Born in the Russian Empire, he spent his working life in Paris (1920–1949) and New York (1949–1979). With Sergei Bulgakov, Vladimir Lossky, Justin Popović and Dumitru Stăniloae he was one of the more influential Eastern Orthodox Christian theologians of the mid-20th century. He was particularly concerned that modern Christian theology might receive inspiration from the lively intellectual debates of the patristic traditions of the undivided Church rather than from later Scholastic or Reformation categories of thought.

Life 
Georgiy Vasilievich Florovsky was born in Yelisavetgrad, Kherson Governorate, Russian Empire on 9 September 1893 as the fourth child of an Orthodox priest.

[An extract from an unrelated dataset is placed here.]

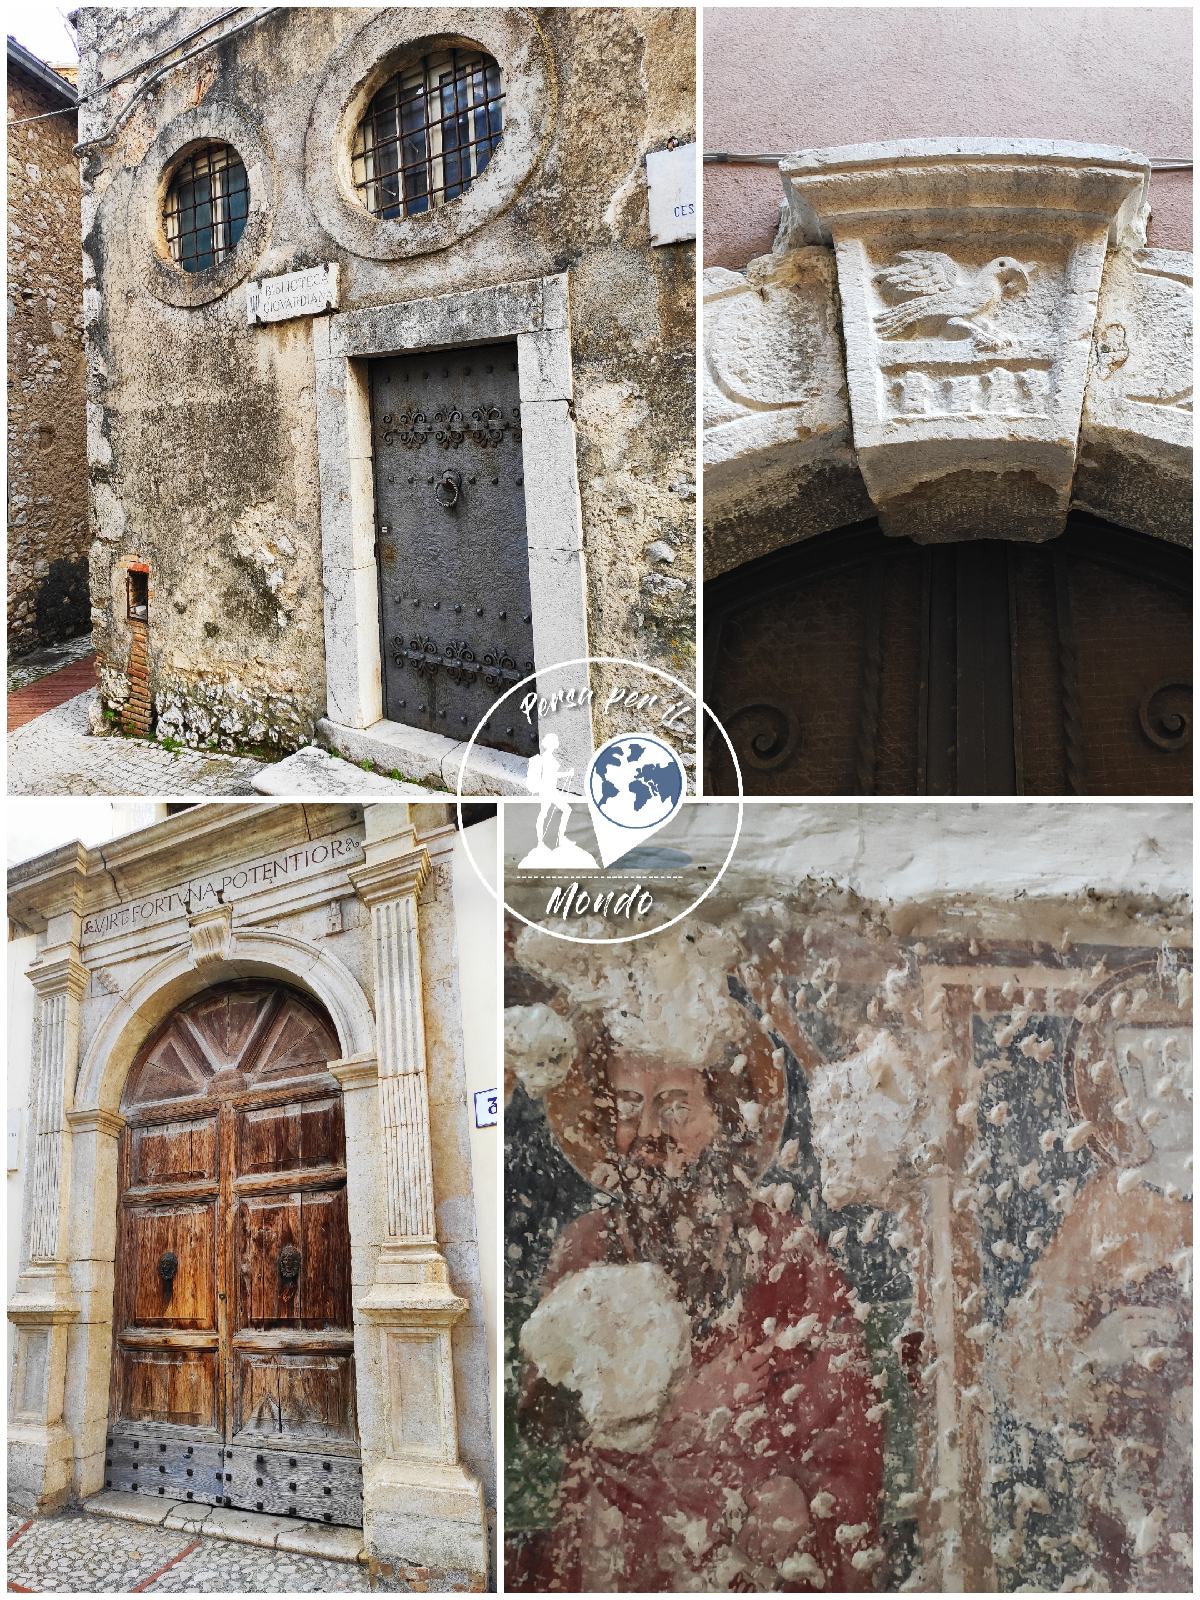 Veroli: a. Ingresso biblioteca Giovardiana b. Intarsio di colomba su chiave di volta c. Dettaglio portale, d. dettaglio affresco chiesa di San Leucio

He grew up in Odessa. Raised in an erudite environment, he learned English, German, French, Latin, Greek, and Hebrew while a schoolboy, and at eighteen he started to study philosophy and history. He graduated from the University of Odessa in 1916.

After his first graduation, he taught for three years at high schools in Odessa, and then made his full graduation including the licentia docendi at all universities in the Russian empire.

In 1919 Florovsky began to teach at the University of Odessa; but in 1920 his family was forced to leave Russia. Florovsky realized at that time that there would be no return for him, because Marxism did not accept the history and philosophy he taught. He was part of the emigration of Russian intelligentsia, which also included Nikolai Berdyaev, Sergei Bulgakov, Nicholas Lossky and his son Vladimir Lossky, Alexander Schmemann, and John Meyendorff (the last two of whom would follow him in the USA as Dean of Saint Vladimir's Orthodox Theological Seminary, New York).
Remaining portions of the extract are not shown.